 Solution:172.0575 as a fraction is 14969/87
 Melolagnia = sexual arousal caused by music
------------------------------------------------------------
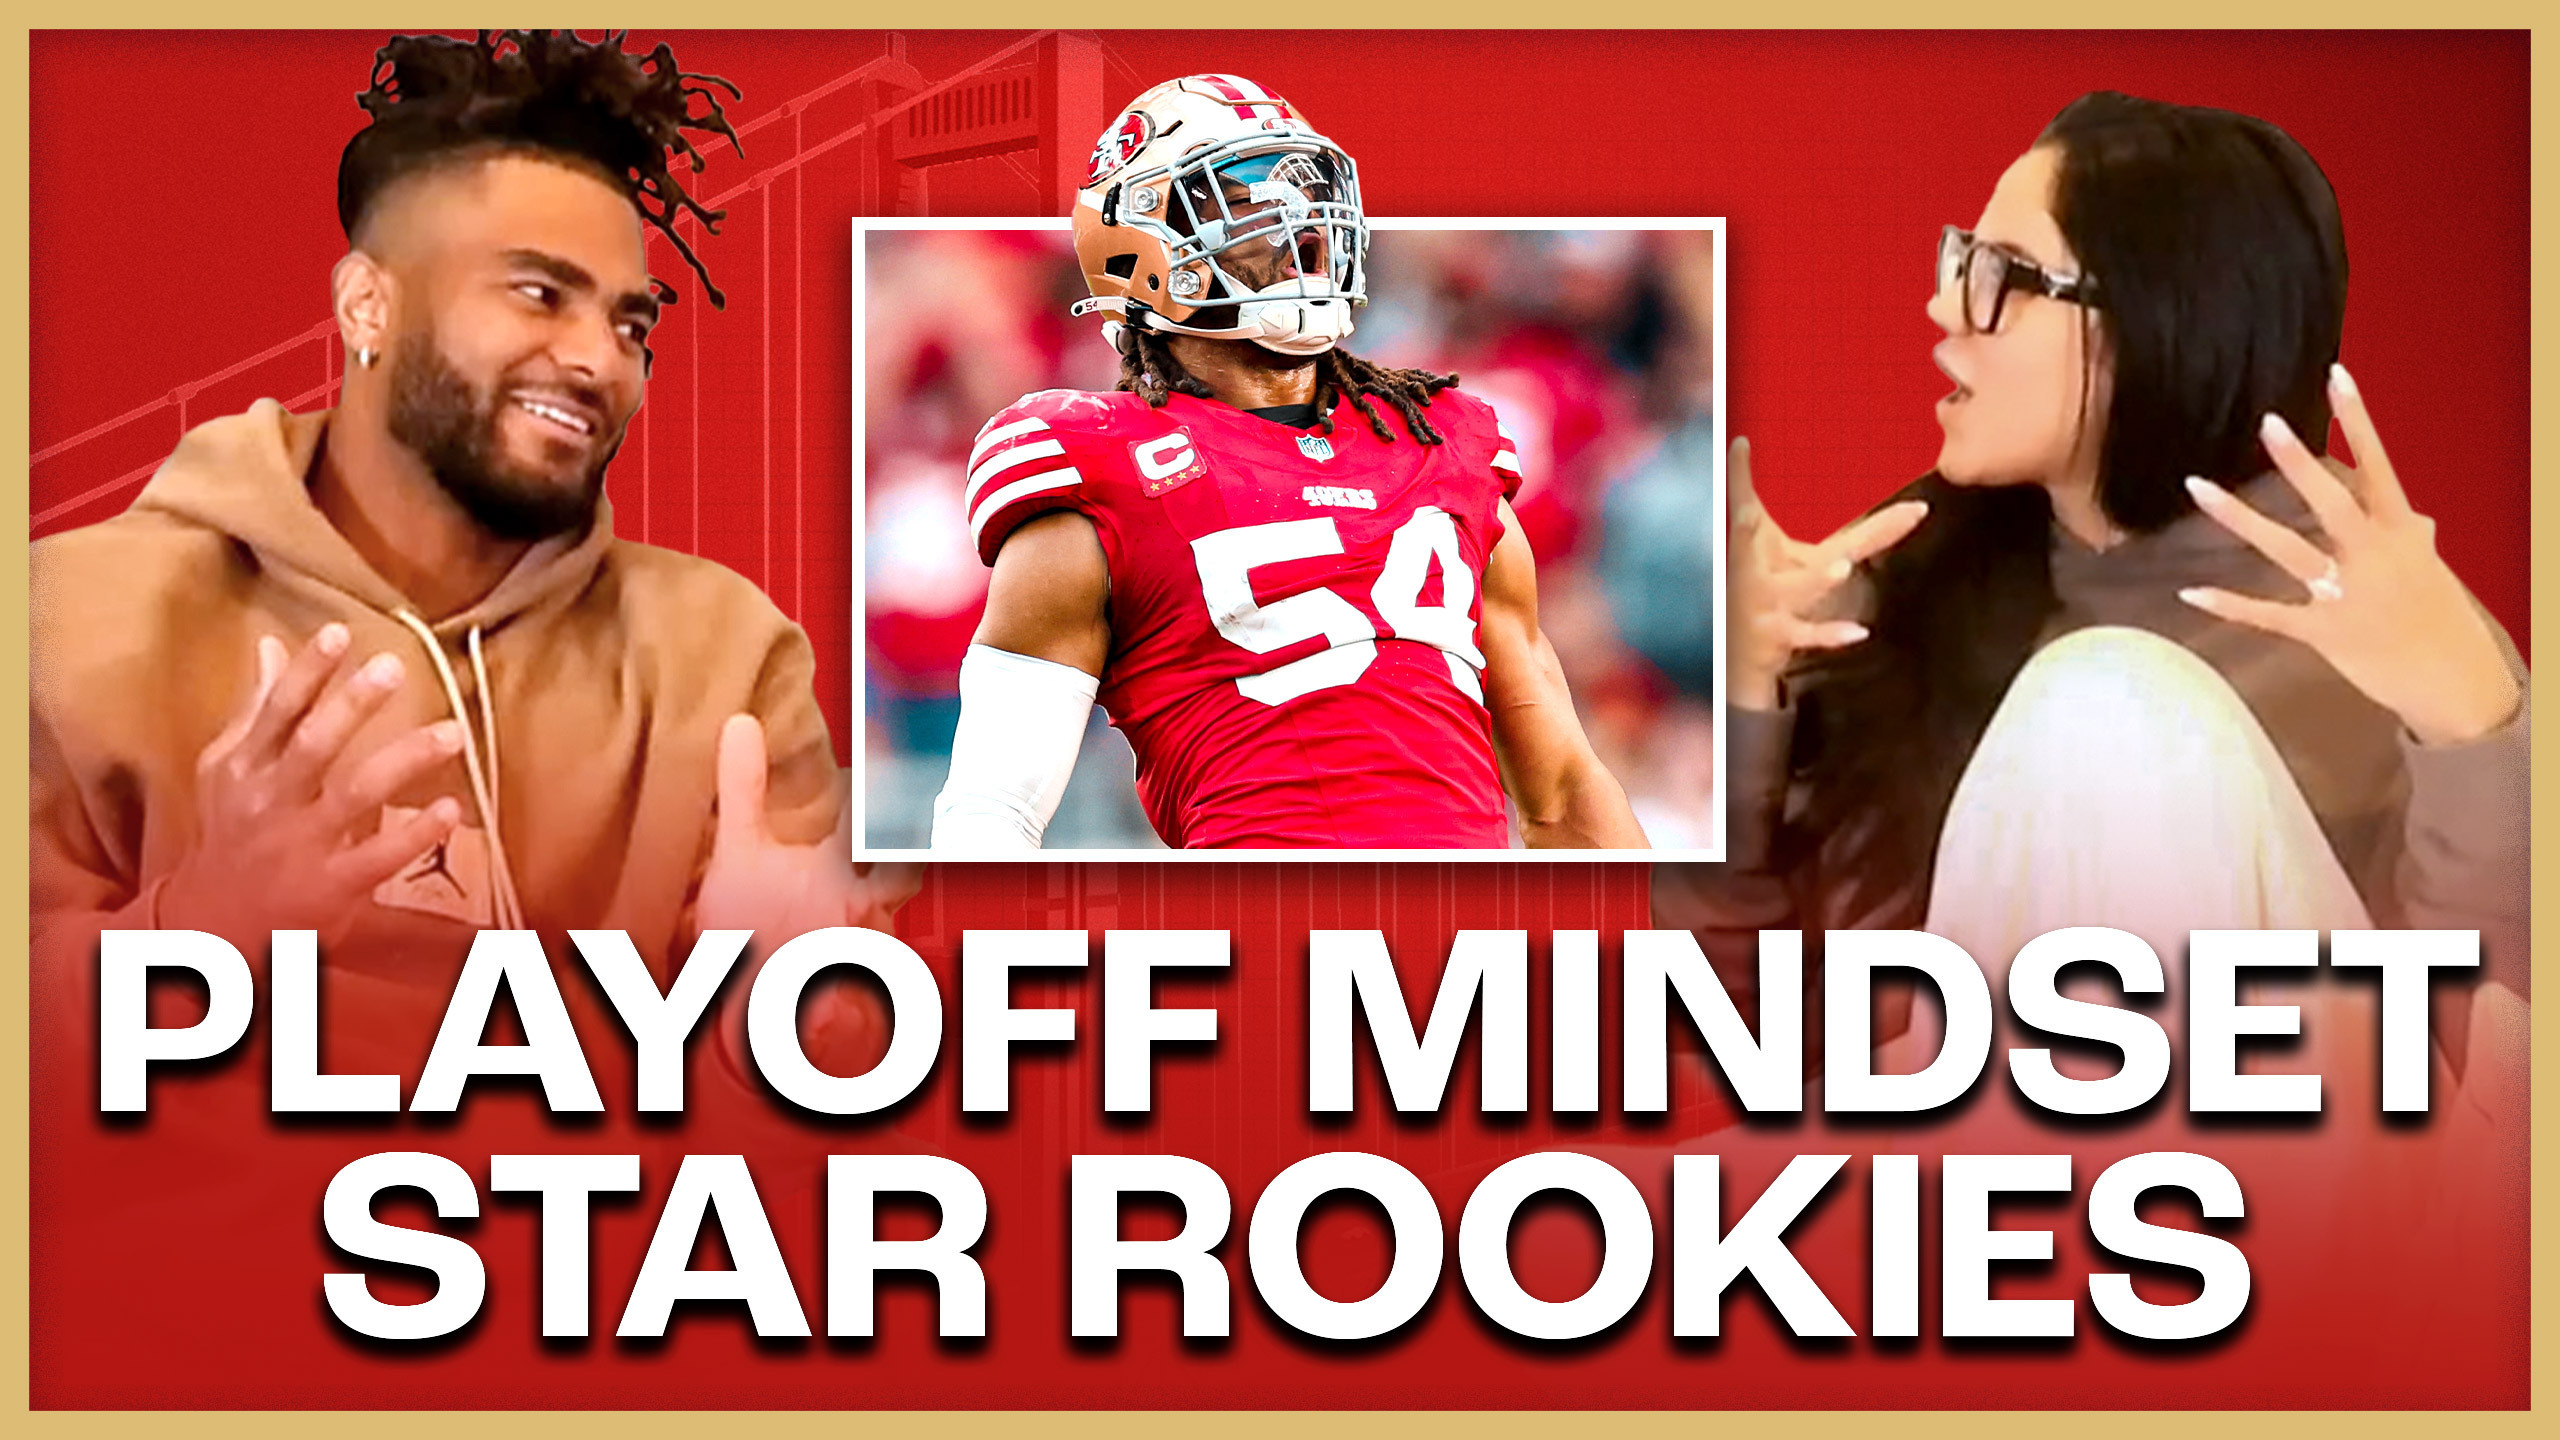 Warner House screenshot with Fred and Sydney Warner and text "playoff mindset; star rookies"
------------------------------------------------------------
• _WHAT YOU WILL DO_
Precisely the lines between those holding "Solution:172.0575 as a fraction is 14969/87" and "Melolagnia = sexual arousal caused by music", inclusive, are to be reproduced from the listing above, with nothing added.

• _ANSWER TO THIS TASK_
 Solution:172.0575 as a fraction is 14969/87
 Melolagnia = sexual arousal caused by music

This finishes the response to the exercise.